[PROVIDED RECORDS Boundary: Start]

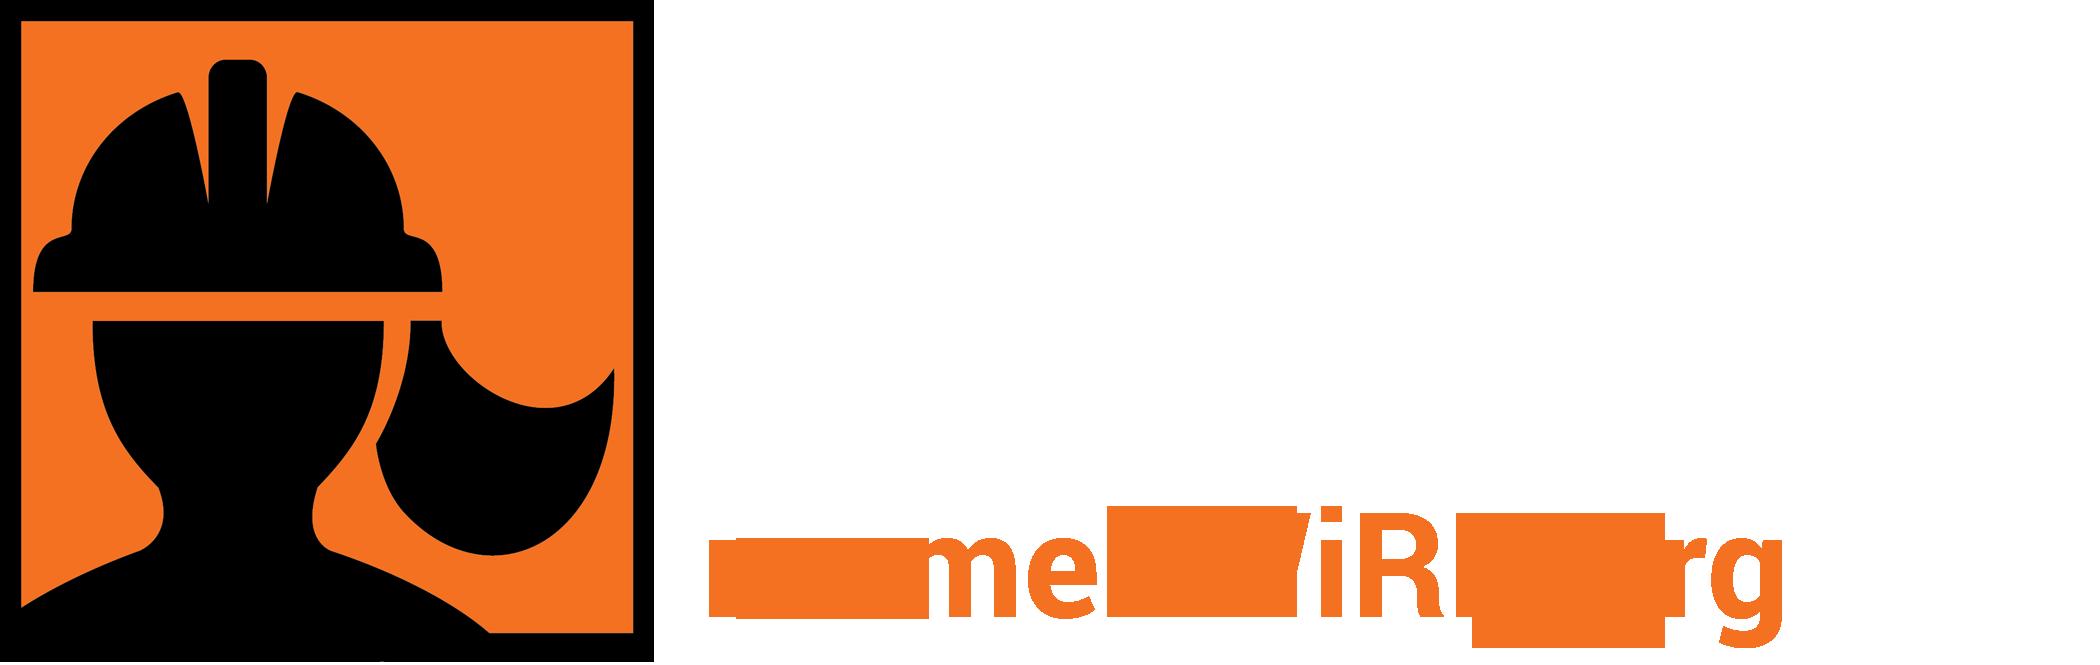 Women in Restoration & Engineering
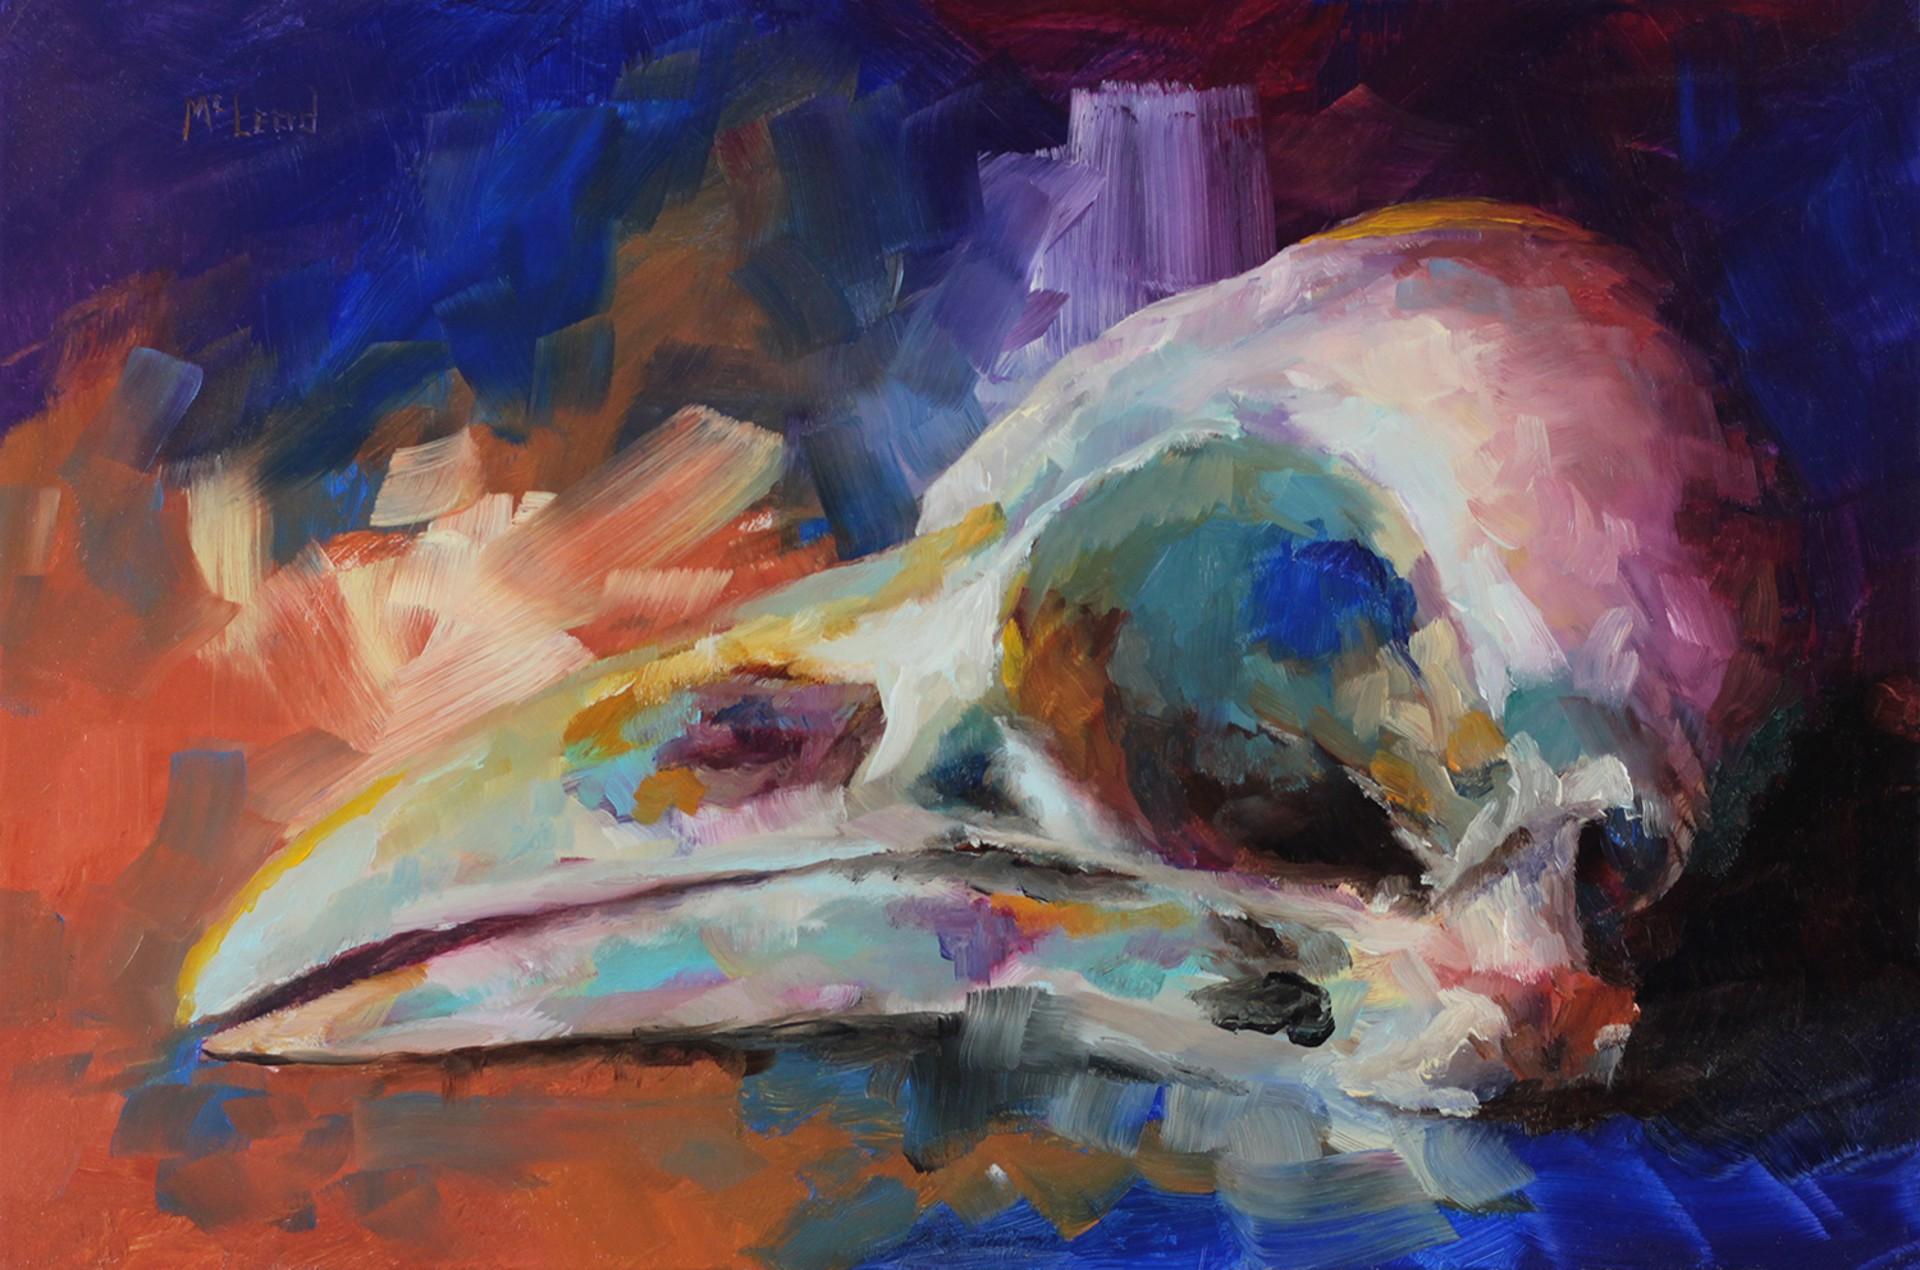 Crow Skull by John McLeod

[PROVIDED RECORDS Boundary: End]
[PROVIDED RECORDS Boundary: Start]

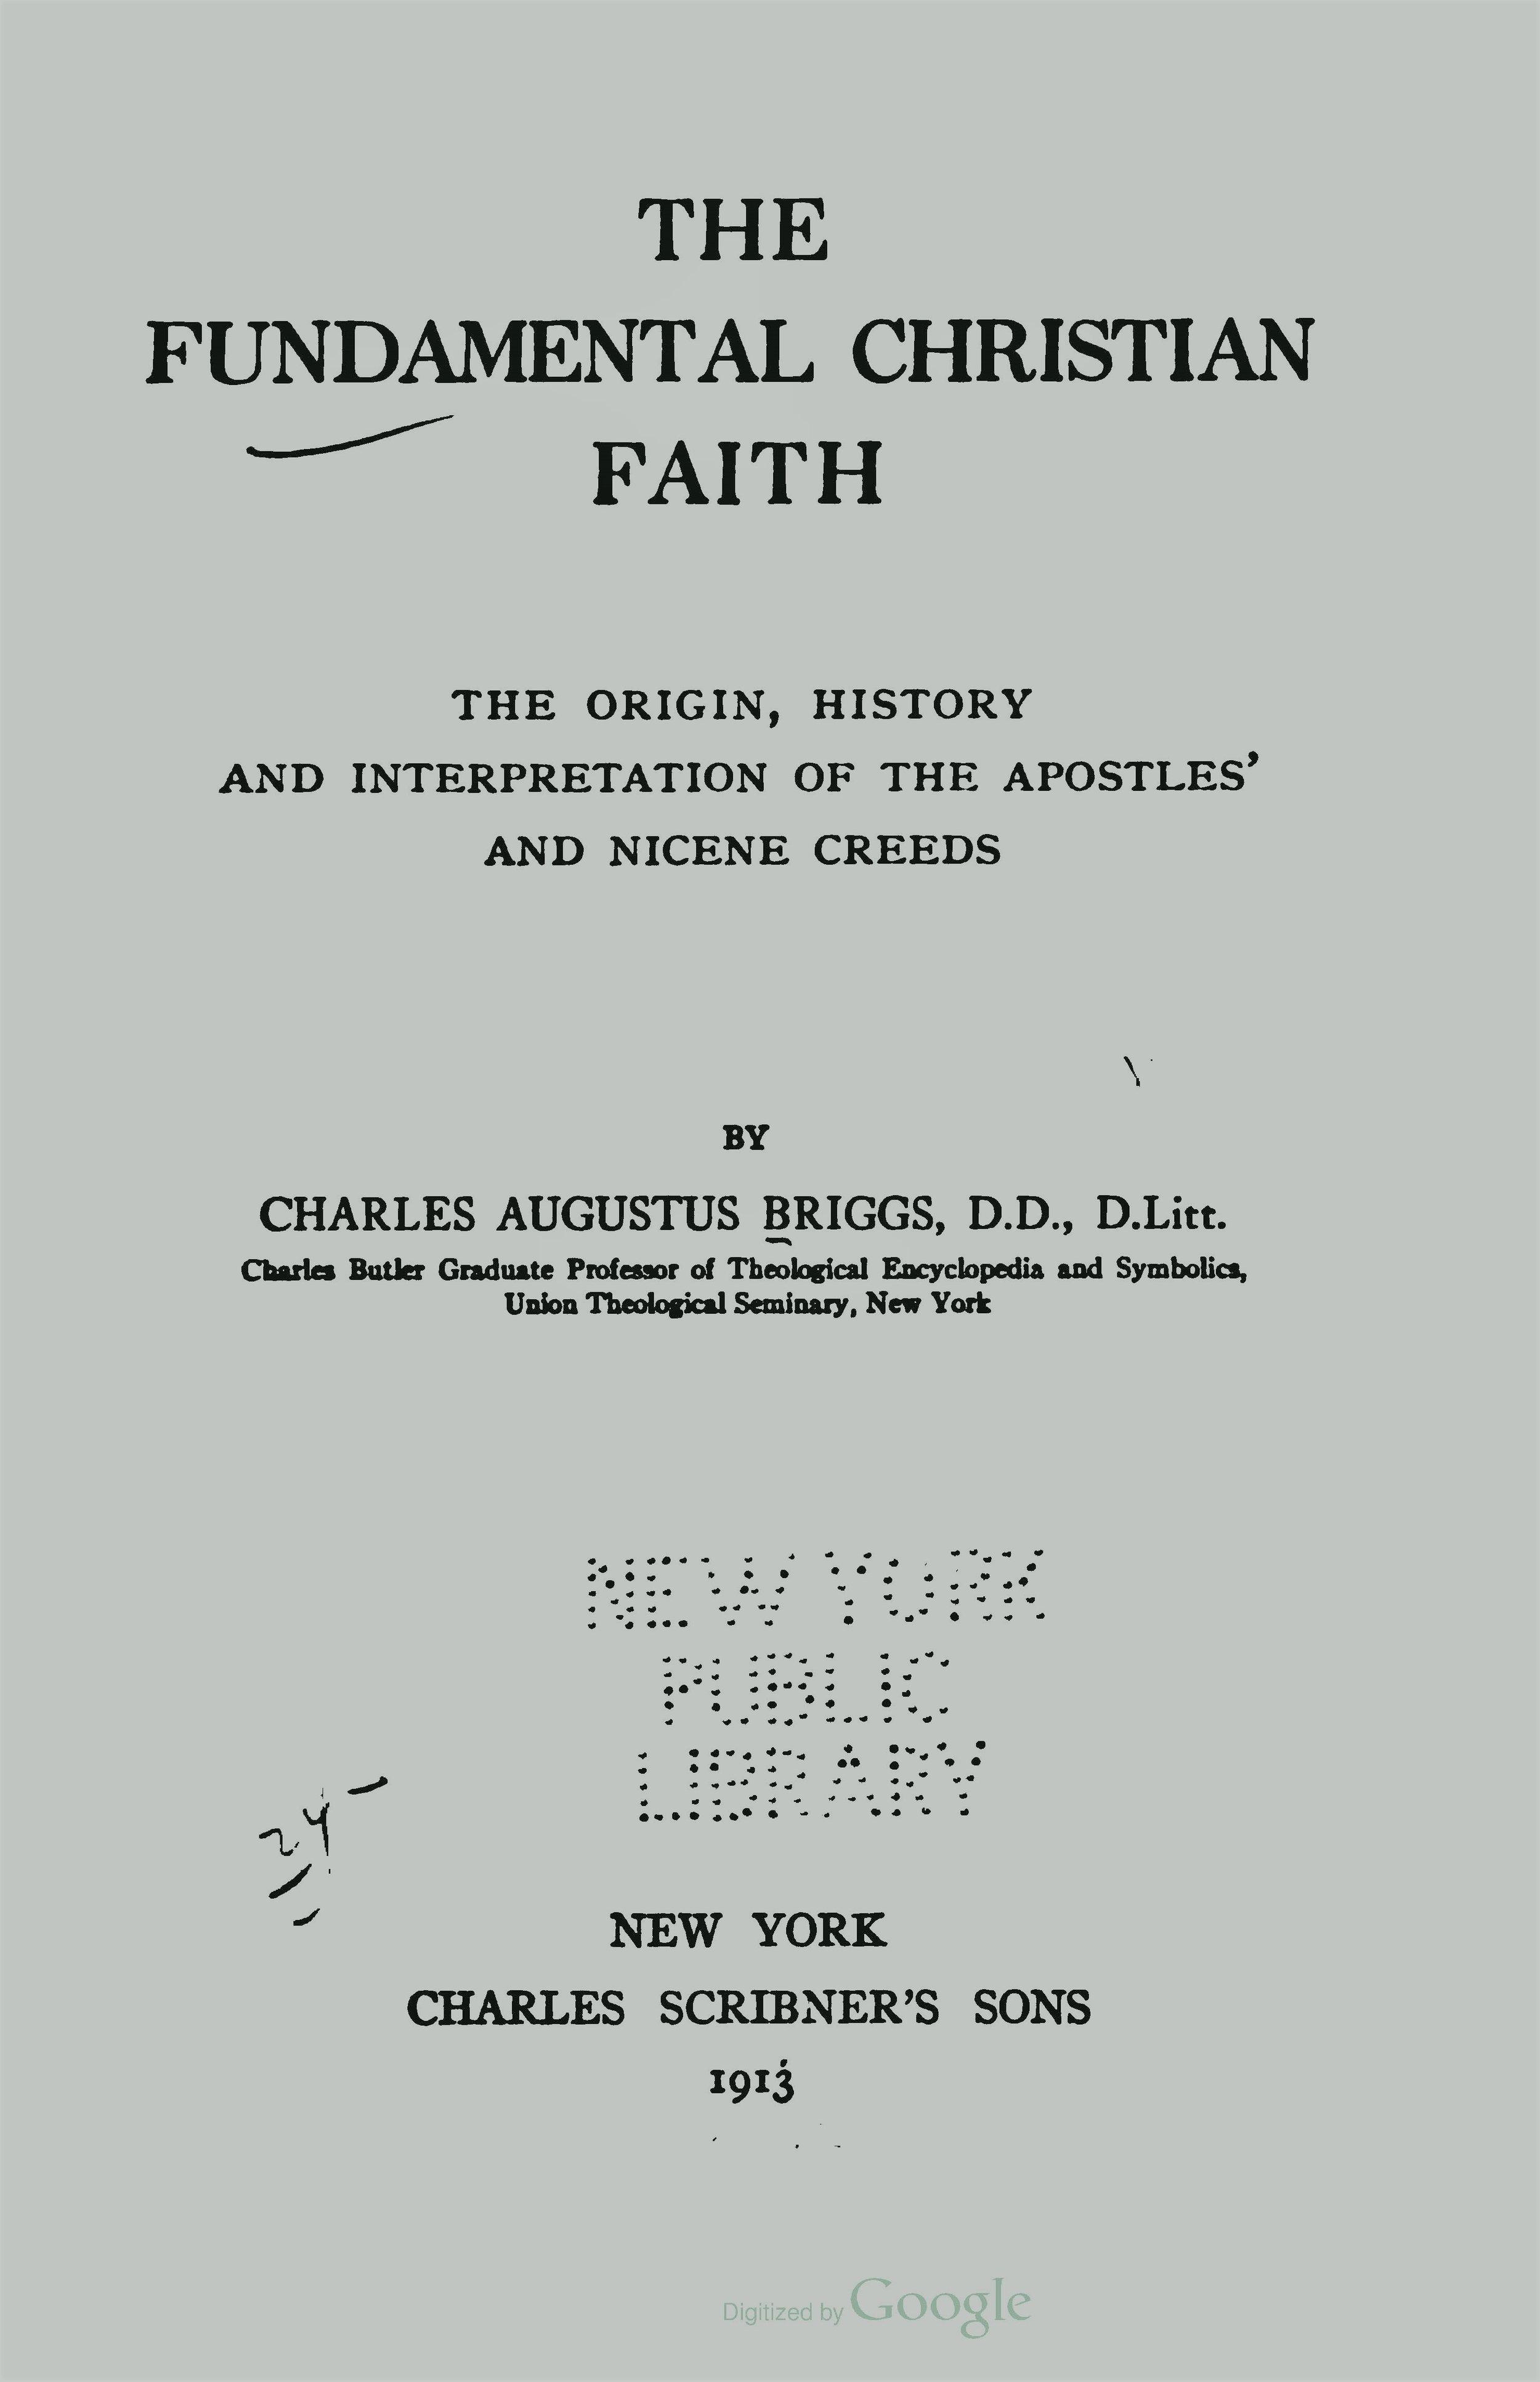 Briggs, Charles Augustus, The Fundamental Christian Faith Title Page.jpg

[PROVIDED RECORDS Boundary: End]
[PROVIDED RECORDS Boundary: Start]

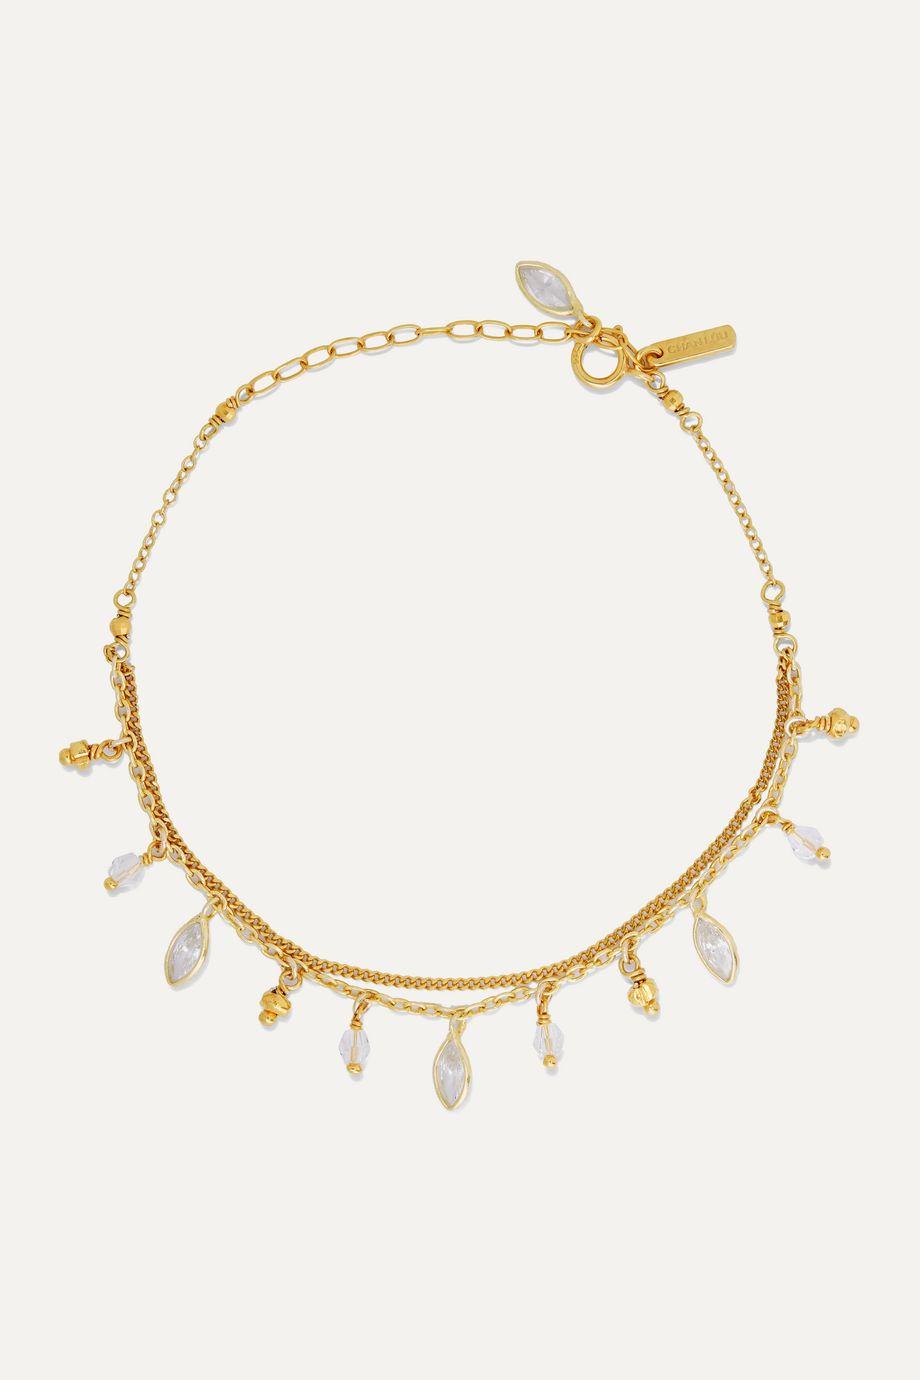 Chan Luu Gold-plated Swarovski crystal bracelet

[PROVIDED RECORDS Boundary: End]

**YOUR GOAL:**
Within the entries above, the lines from the one containing "Women in Restoration & Engineering" through the one containing "Crow Skull by John McLeod" are to be transcribed exactly, ends included, pictures excluded.

**SOLUTION FOR THIS PROBLEM:**
 Women in Restoration & Engineering
 Crow Skull by John McLeod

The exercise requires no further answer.